In the above video I upload a Word document as I go through the publishing process at kdp.amazon.com. But, instead of uploading a Word file, you can upload your perfect, clean, beautiful ePub.
Adding cover image
Technically, all ePubs should have a cover image embedded in the file, however the cover is uploaded separately during the publishing process above. In Sigil, you add your cover to your ePub in Tools > Add Cover…
You can do it
The most important thing is to not let these formatting and publishing quirks deflect you from writing a great book.
If you are a new author just starting out, my advice to you is to just write that damn book and forget about all this geekery. In Microsoft Word, use the Heading 1, Heading 2 and Normal styles when necessary and write! Uploading a Word file at kdp.amazon.com is not the worse thing you can do. It won’t look that bad.
If, like me, you’ve published a few Kindles and you’re exasperated that your text is not looking in a certain way, then I hope this helps. Let me know in the comments.
Cathleen Keene says
Great tutorial! Thank you!
Rob Cubbon says
Thank you, Cathleen 🙂
Lis Sowerbutts says
I found Sigil to be unstable on my old laptop. I do something very similar to what you describe but I just write the HTML in an editior (I like notpad++) – I start from word2cleanhtml code and then add in the CSS and create the ncx and opf files Sigil seems ok on my nw ultrabook – but Istill don’t quite trust it
Rob Cubbon says
I’m using it on Mac, Lis, and it’s super stable but I have heard it’s buggy on PCs. 🙁
You can use these regular expressions on Notepad++ but the advantage of Sigil is that it creates the ncx and opf files and creates the two types of TOCs automatically. 🙂
Either way, it’s still a confusing process to explain to someone without any HTML experience.

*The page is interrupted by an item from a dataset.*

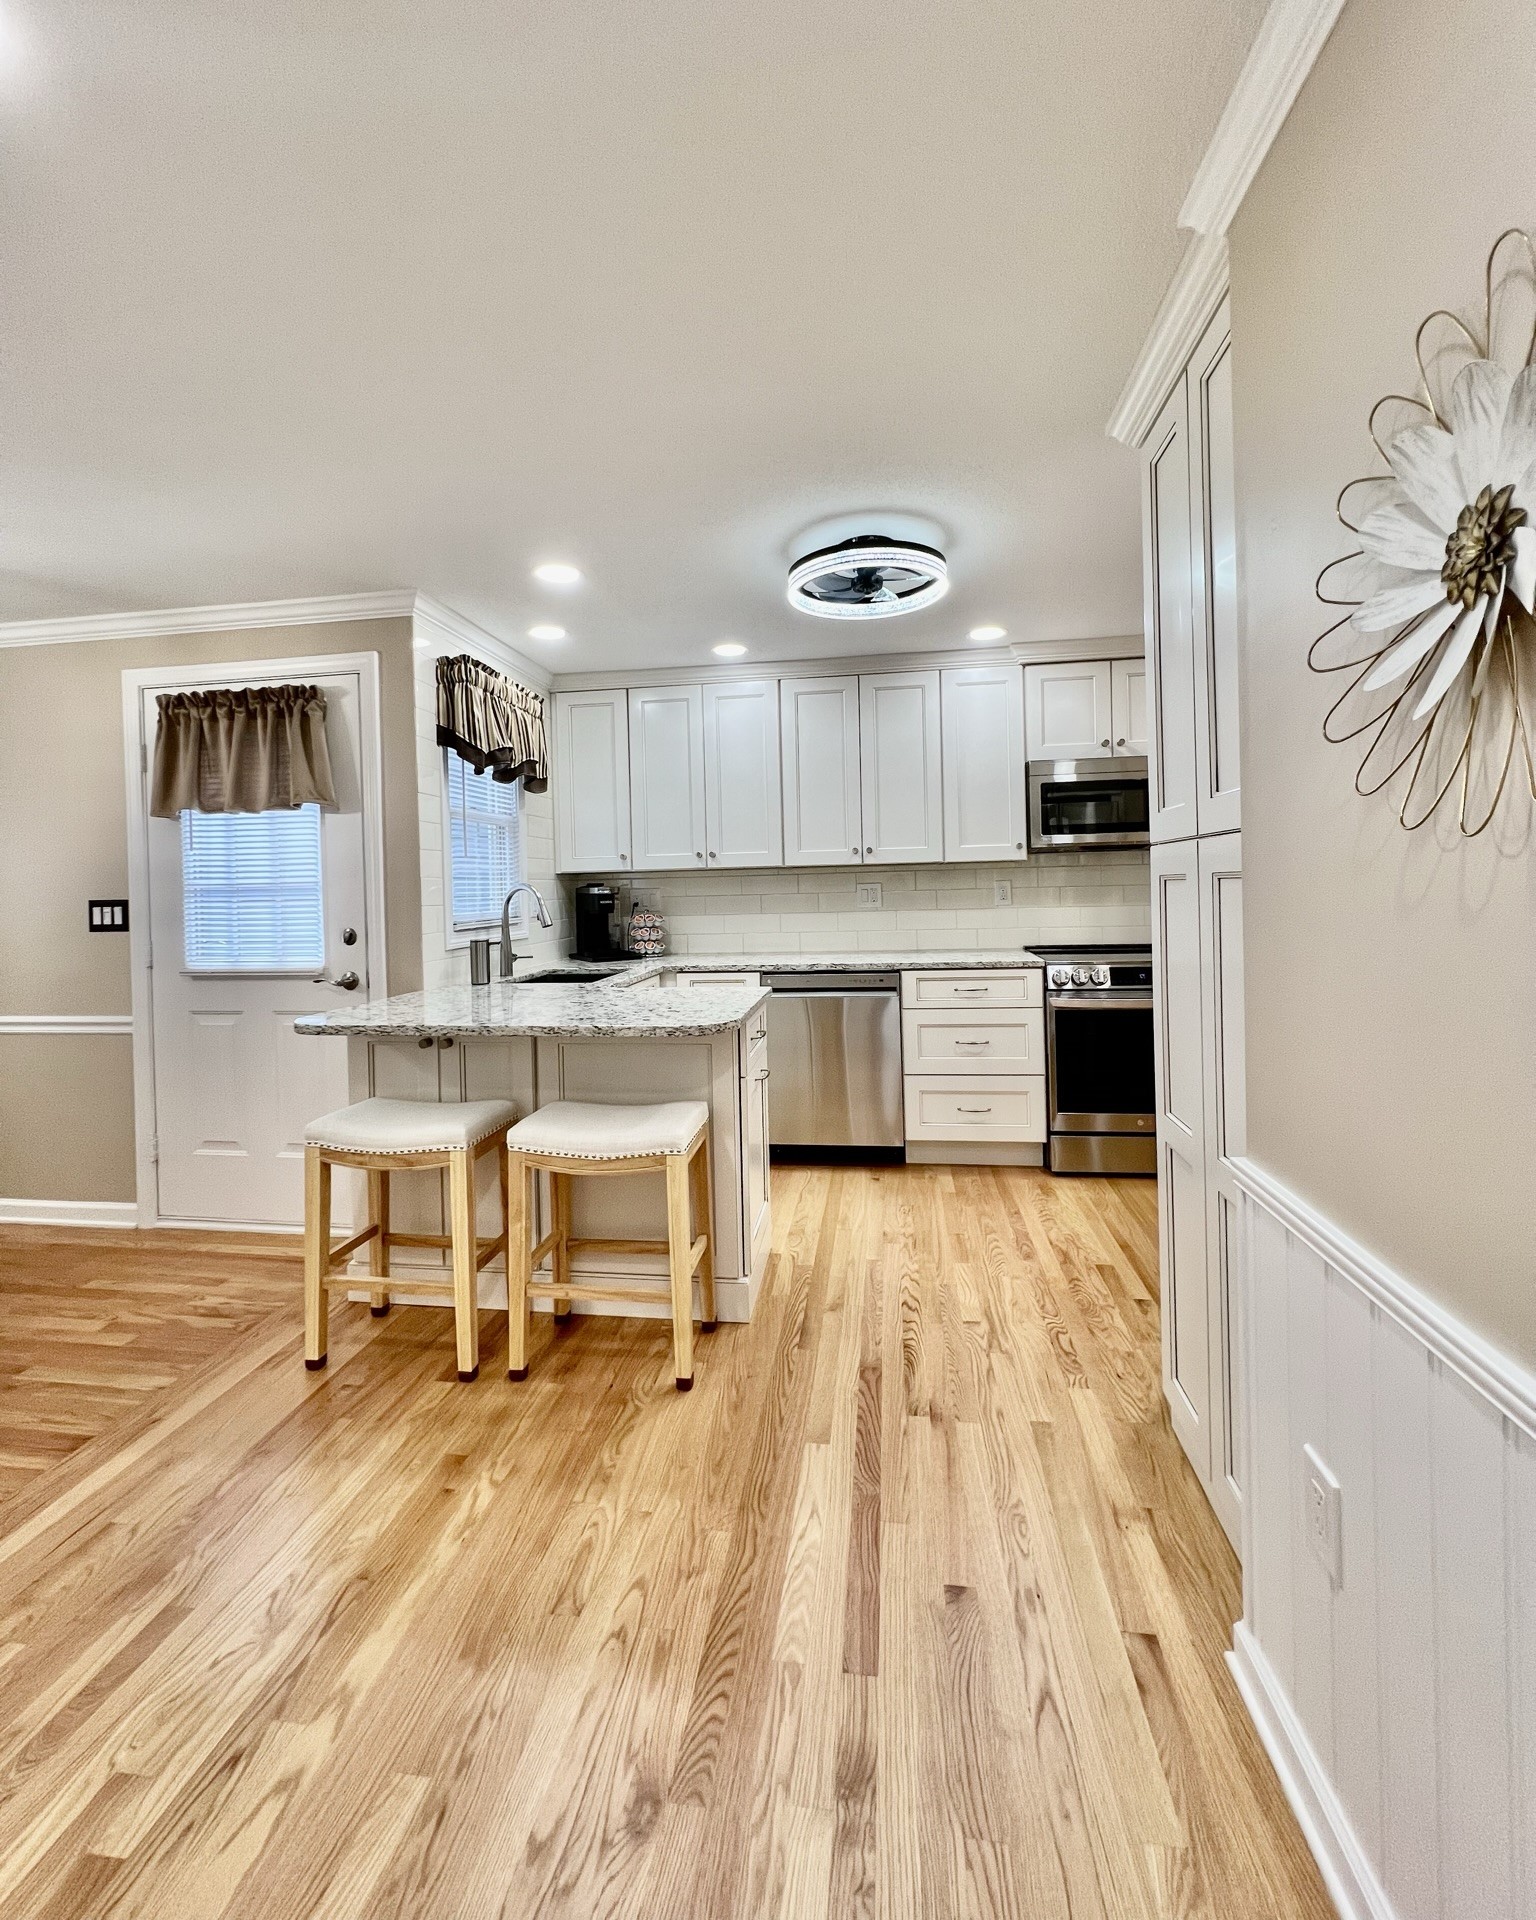 Cover photo for condo kitchen remodeling project in Wallington, Connecticut

Thanks for you feedback on Sigil, Lis, let’s keep our eyes on this one.
Bobby Burns says
Hello Rob,
Great tutorial and I am keen to try it out. However, I just read your response to Lis and I am a PC user. Will I have to upload my finished work to Kindle before knowing if it’s dodgy?
I’m not going to convert to a Mac (ha!) and I am loathe to learn HTML unless I absolutely have to, so this approach of using Sigl seemed like a gift!
Thanks,
~Bobby
Rob Cubbon says
Hi Bobby, I don’t know what the problem with PCs and Sigil is but I think it crashes often. I don’t think it creates dodgy ePubs. But I don’t know. Best of luck and ask questions here if you have trouble.